[Task description]
Pictures must not appear in the copy. Restate exactly the lines below from the one with "zapatillas adidas kanadia mujer" through the one with "Взяточники из милиции", inclusive.
Records provided Block Start
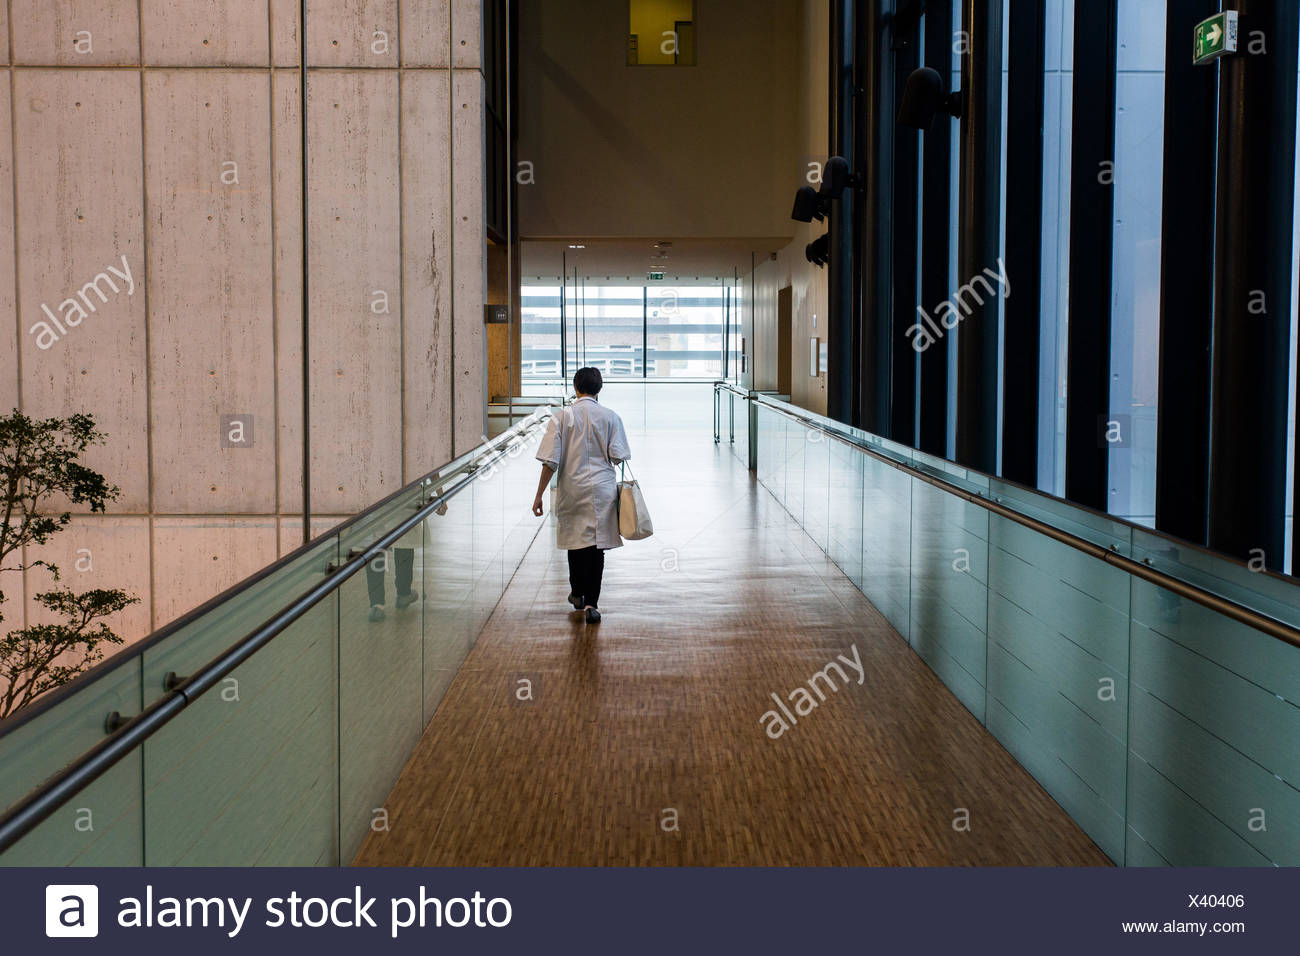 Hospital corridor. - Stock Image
Records provided Block End
Records provided Block Start
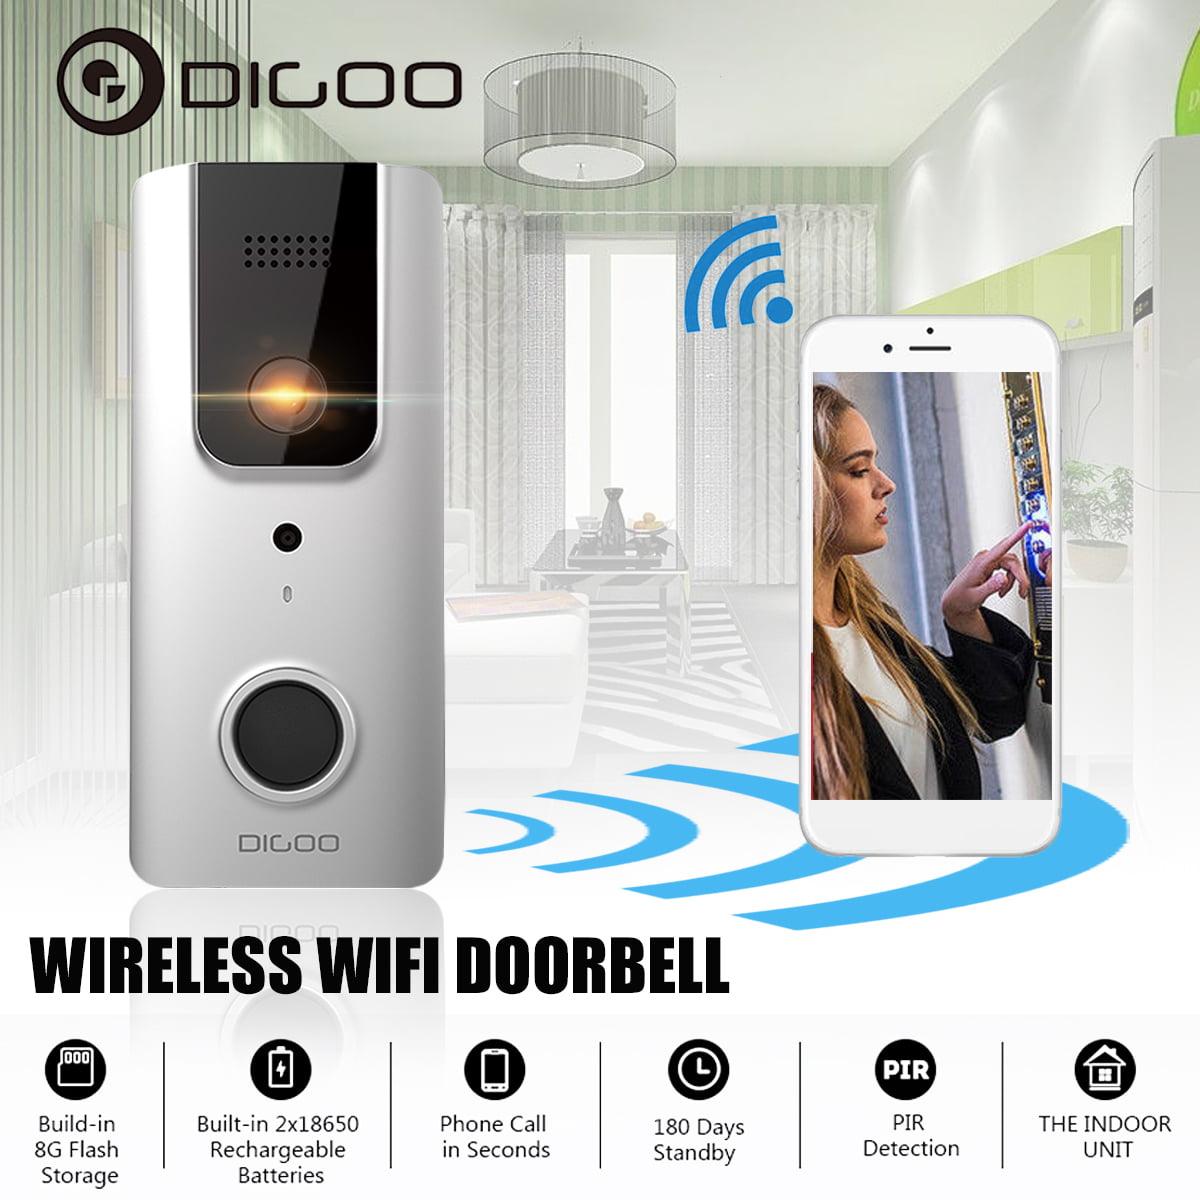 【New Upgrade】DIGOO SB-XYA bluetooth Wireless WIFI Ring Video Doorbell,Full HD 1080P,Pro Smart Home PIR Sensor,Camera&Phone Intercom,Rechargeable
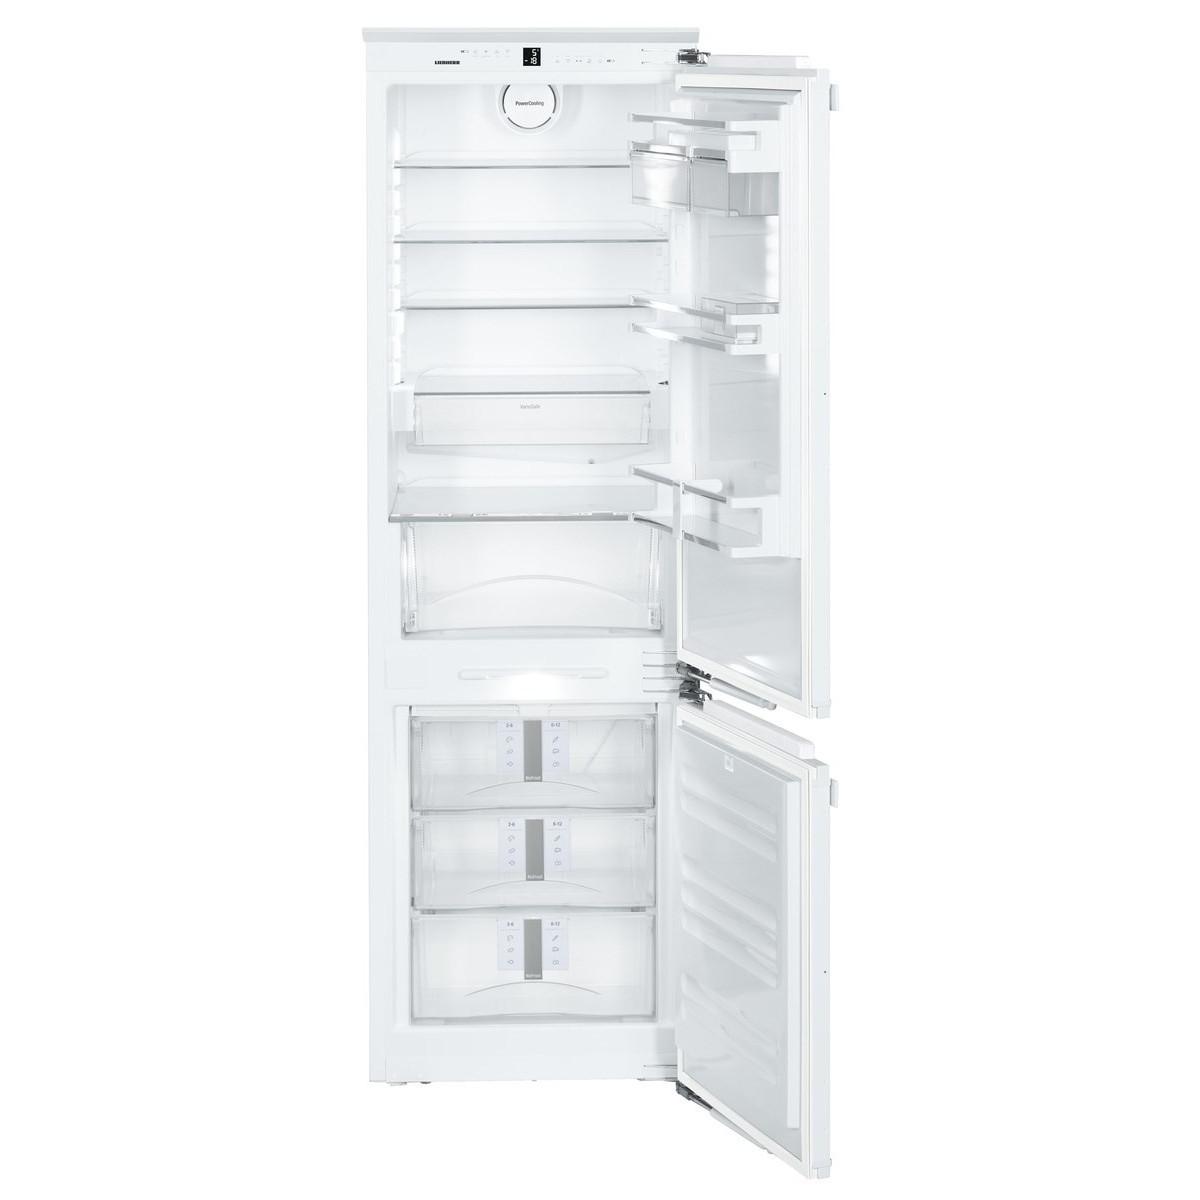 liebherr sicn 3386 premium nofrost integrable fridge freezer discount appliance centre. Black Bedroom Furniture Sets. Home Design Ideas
Records provided Block End
Records provided Block Start
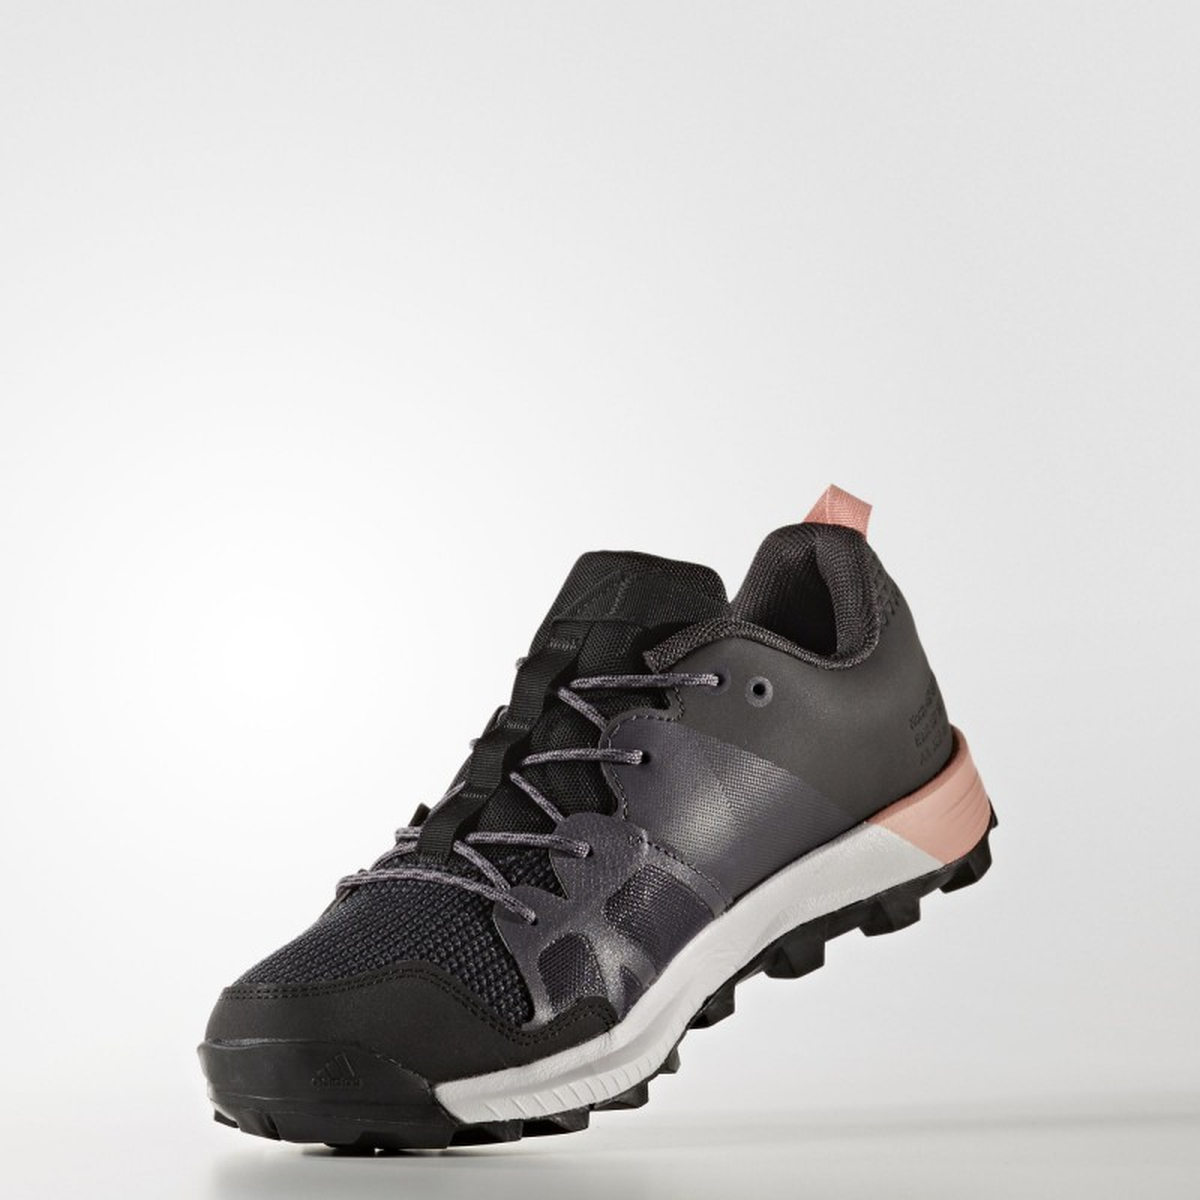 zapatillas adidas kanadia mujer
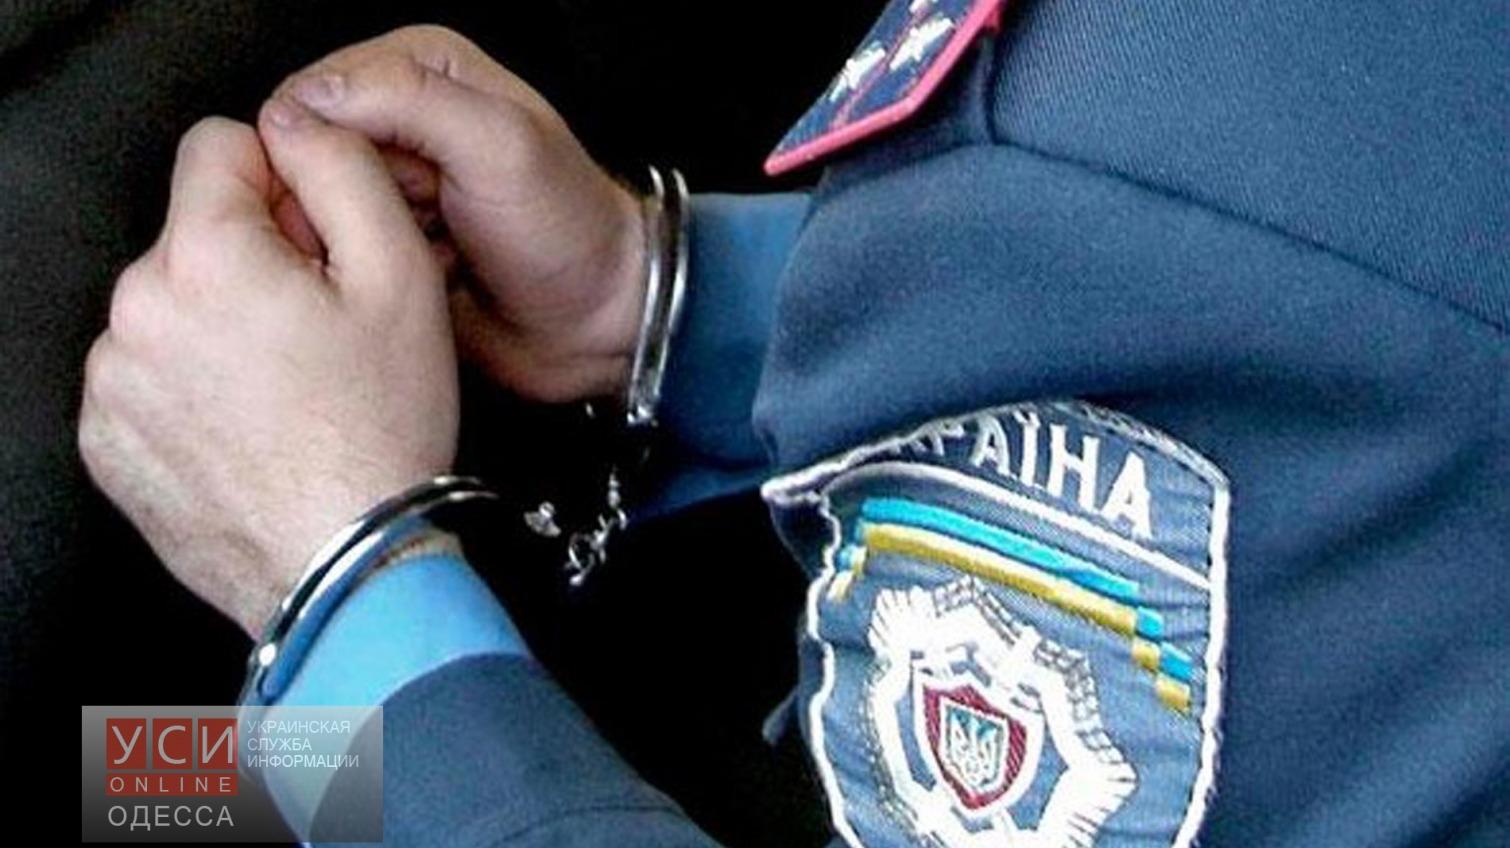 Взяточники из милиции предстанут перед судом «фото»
Records provided Block End
[Written response]
 zapatillas adidas kanadia mujer
 Взяточники из милиции предстанут перед судом «фото»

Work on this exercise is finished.